For the IRS, the ruling necessitates a re-evaluation of its data-sharing protocols with other government entities. The agency will likely need to implement more robust verification mechanisms to ensure compliance with federal law, particularly concerning the release of personally identifiable information. This could involve enhancing automated checks, increasing human oversight, or modifying the criteria for accepting and processing data requests from partner agencies.

For ICE and DHS, the decision serves as a stark reminder of the legal boundaries governing their investigative practices, especially when leveraging data from other federal departments. The ruling suggests that broad data access without meticulous individual identification and address verification is not permissible under current law.

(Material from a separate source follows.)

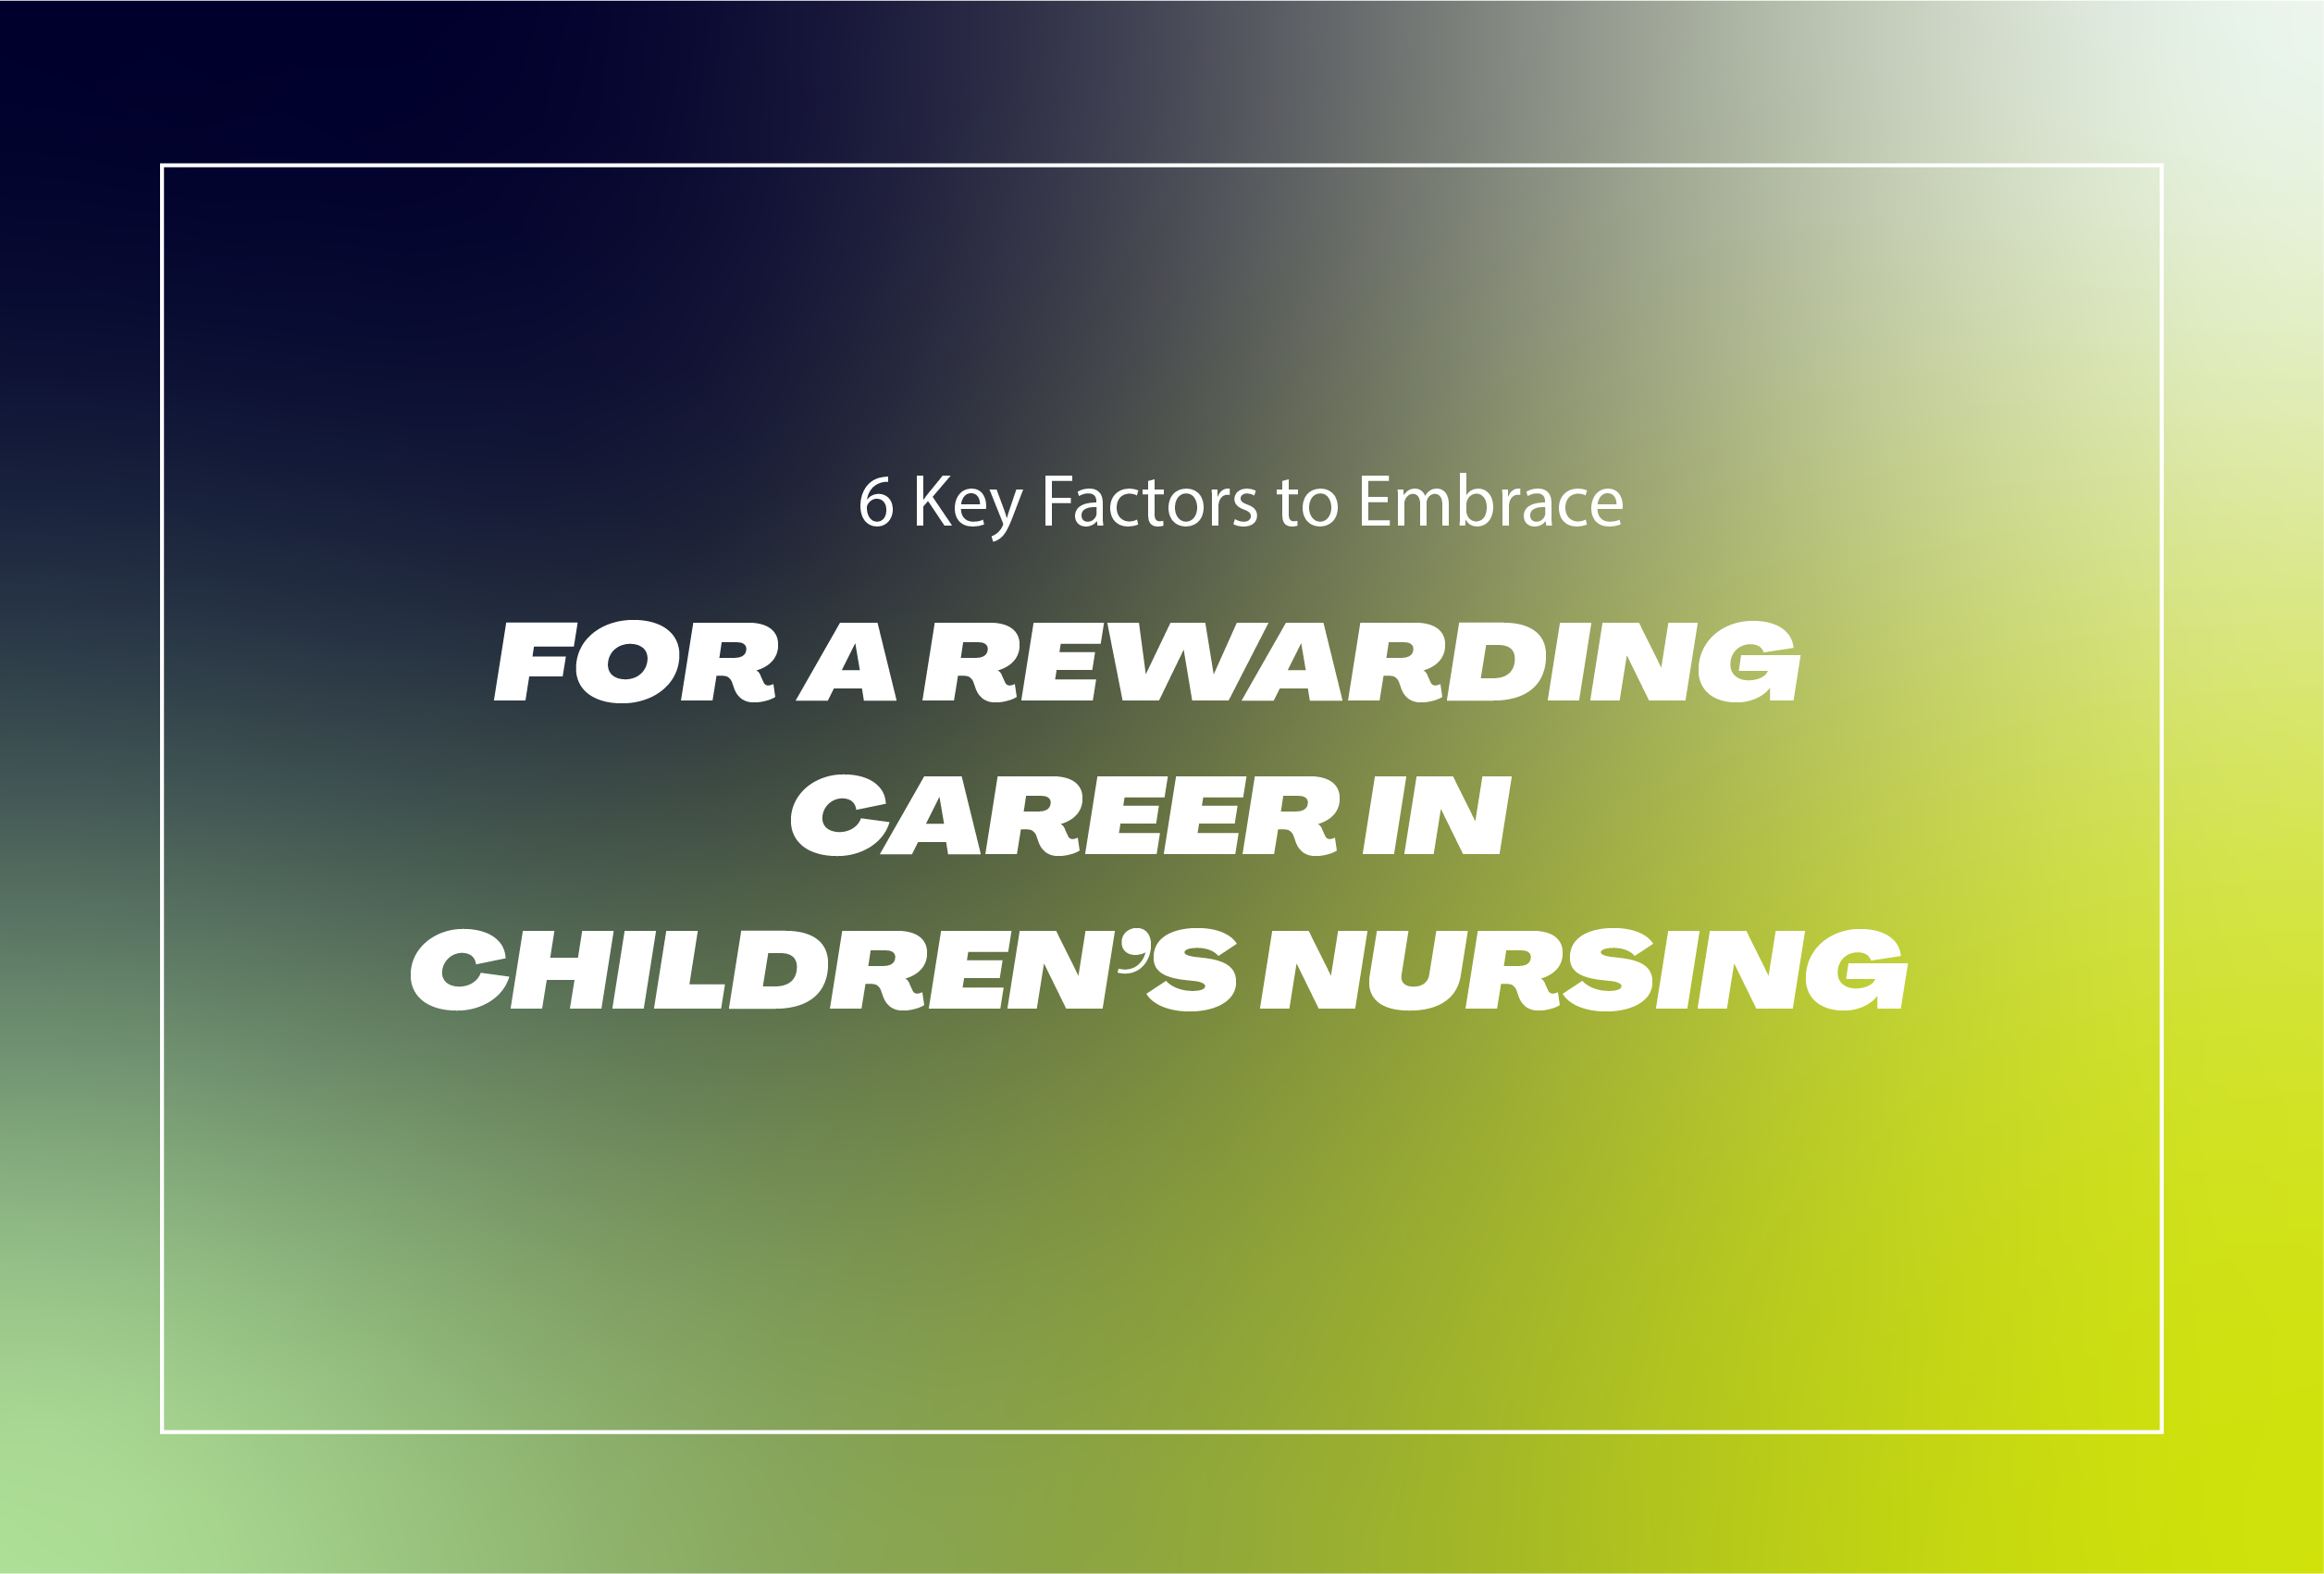 View 6 Key Factors to Embrace for a Rewarding Career in Children’s Nursing

Immigrant advocacy groups, who have consistently raised concerns about the potential for such data-sharing agreements to lead to increased surveillance and targeting of immigrant communities, may view this ruling as a victory. It reinforces their arguments that these agreements can have a chilling effect on individuals and may lead to a erosion of trust between the public and government institutions.

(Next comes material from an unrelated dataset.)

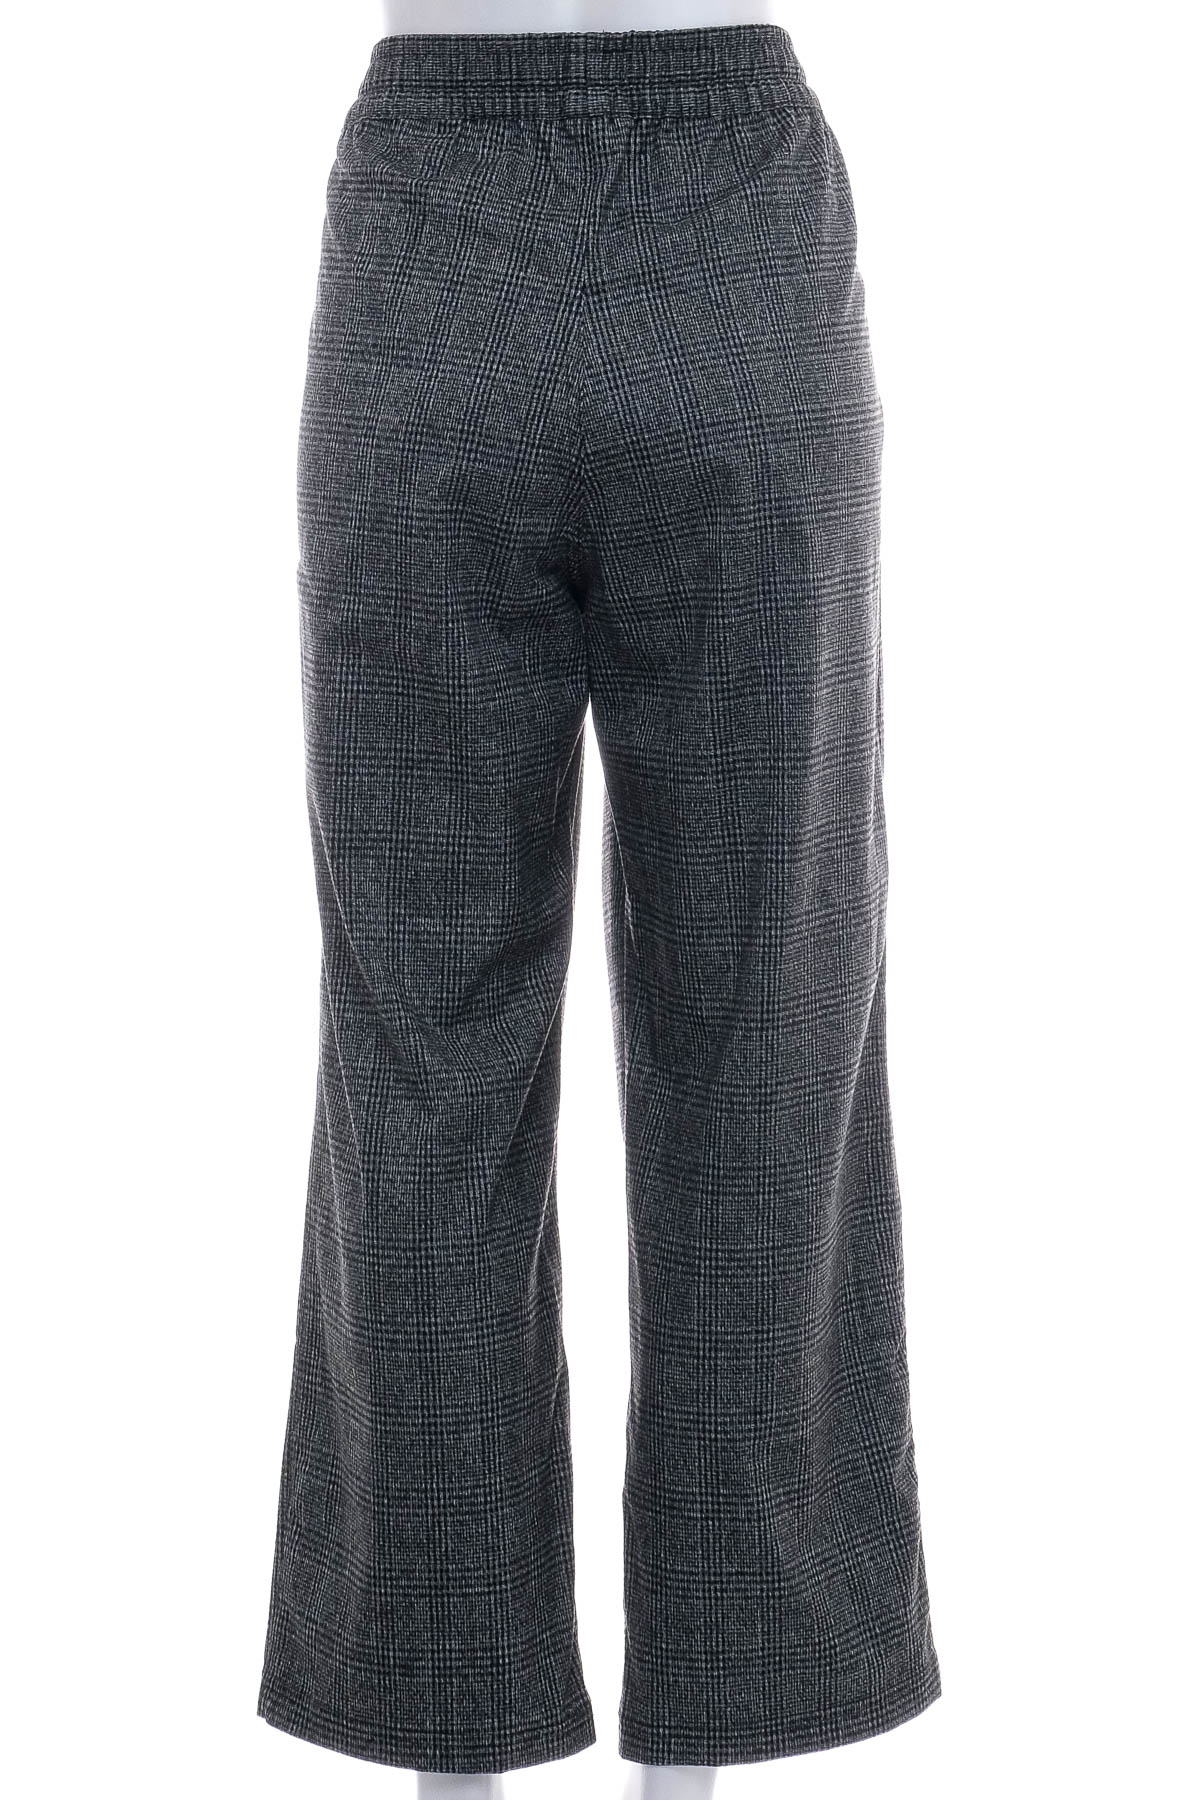 Women's trousers - H&M - 1

The legal challenge was initiated by the Center for Taxpayer Rights, an organization dedicated to advocating for taxpayer privacy and fair treatment. Their lawsuit aimed to halt what they perceived as an unlawful expansion of government surveillance capabilities through the misuse of confidential tax data.

The IRS and DHS have not yet issued a detailed public response to the judge’s ruling, beyond the admissions made in court filings. However, it is expected that the agencies will need to address the court’s findings and potentially revise their data-sharing policies and procedures to prevent future violations. The case highlights a critical tension between the government’s need for information to enforce laws and the fundamental right to privacy that is enshrined in legal protections for taxpayer data. The outcome of this litigation could set a precedent for future data-sharing agreements between federal agencies, emphasizing the paramount importance of lawful data handling and the safeguarding of personal information.